Boston Mayor Marty Walsh wants City Hall to staff up to improve bus service, increase cycling, and reduce traffic fatalities. It could be a breakthrough for a city where advocates have ramped up the pressure on the mayor to follow through on his transportation promises with real policy change.
Walsh’s upcoming budget will direct $5 million to hire 20 employees to better manage bus priority treatments, parking, sidewalks, and traffic signals, he announced earlier this week. To fund the positions, the city will increase parking violation fines from the $30-45 range to the $55-75 range, which is more in line with peer cities.
The staffers will be charged with carrying out the mayor’s Go Boston 2030 plan, which aims to increase transit ridership by a third, quadruple biking rates, and cut solo driving in half.

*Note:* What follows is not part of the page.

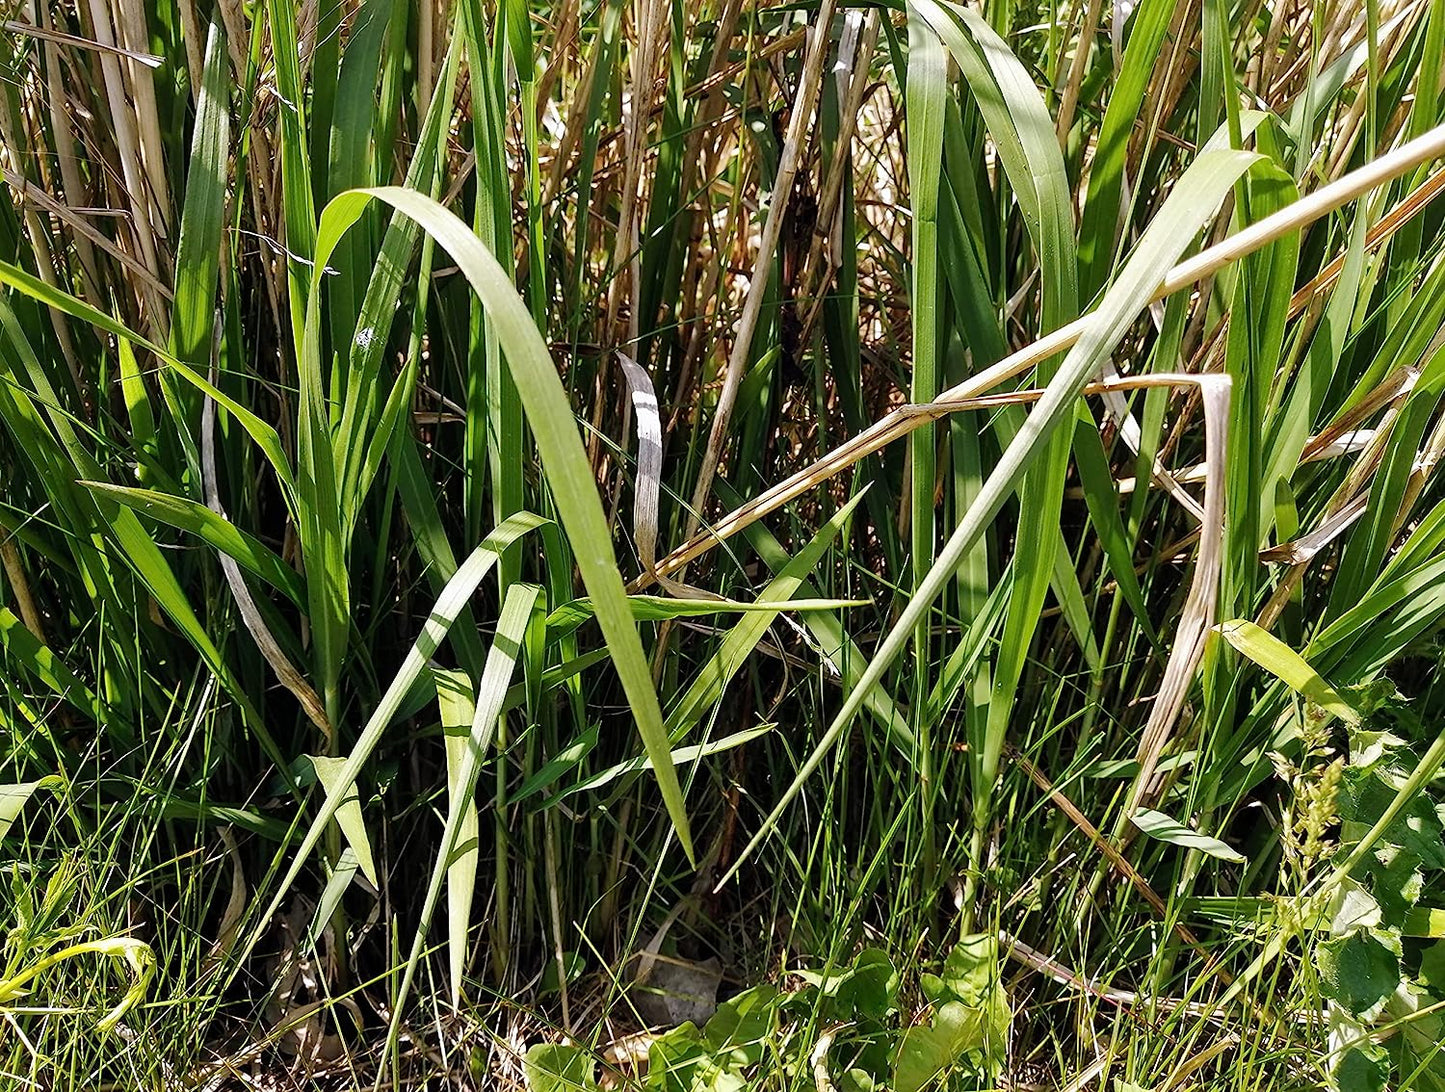 Hundredfold 1/2lb Switchgrass Switch Grass Seeds - Panicum virgatum Ornamental Bunch Grasses, Attract Birds, Valued for Native Garden & Wildflower Meadow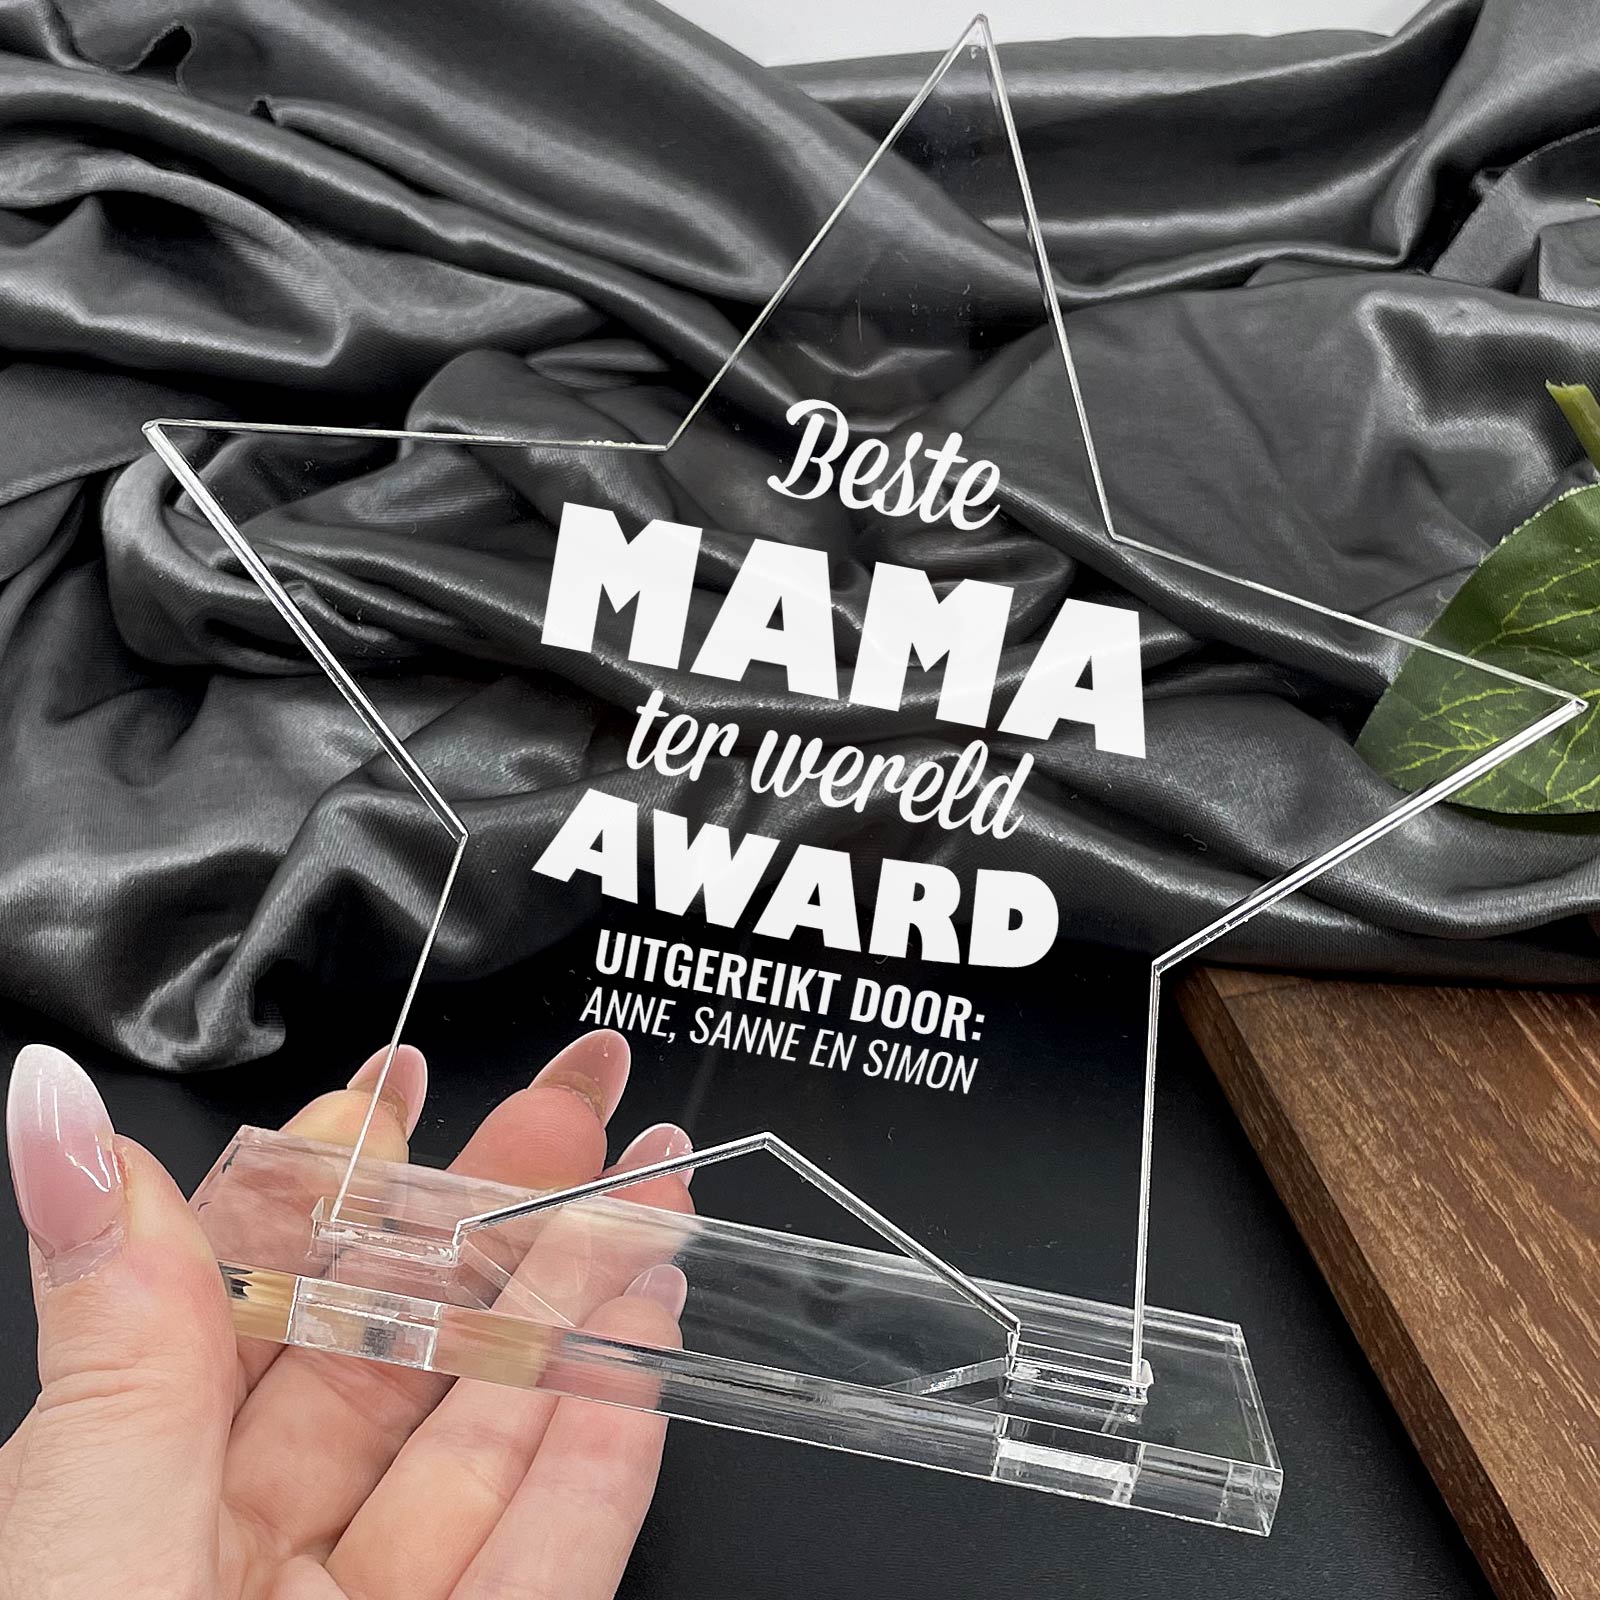 Beste Mama Ter Wereld Award - Bella Mia

Five of the new city employees will be assigned to speed up bus service by designing and managing bus lanes and implementing transit signals that give buses fewer red lights.
The bus lanes are sorely needed and could make a big difference for riders. A recent report by Boston’s LivableStreets Alliance identified seven miles of streets where traffic congestion slows down service for 92,000 bus riders — about a fifth of all MBTA ridership.
Earlier this year, Boston tested out a dedicated bus lane on a busy stretch of Washington Street in Roslindale. Riders reported that travel times improved dramatically.
Under Walsh’s budget, Boston would join cities including New York, San Francisco, Seattle, Baltimore, and Providence that have city staff dedicated to improving bus service. Many of the ingredients that make bus service more useful — dedicated lanes, signal priority, comfortable bus stops, and safe walking and biking networks — fall under the city’s jurisdiction, not the transit agency’s.
The mayor also plans to hire two planners and two engineers to reduce traffic deaths and injuries under the city’s Vision Zero program, and he’s allocating $700,000 to complete missing links in the bike network. His announcement promises to add protected bike lanes, neighborhood slow-speed zones, and intersection redesigns over the next four years.
The LivableStreets Alliance and other advocates had pressed Walsh to start making good on his traffic safety promises. Until now, there wasn’t much evidence that the mayor would follow through, but LivableStreets’ Executive Director Stacy Thompson thinks Walsh’s budget is a promising sign.
“This is exactly the kind of investment needed to meet the ambition of the Go Boston 2030 action plan,” Thompson said in a statement.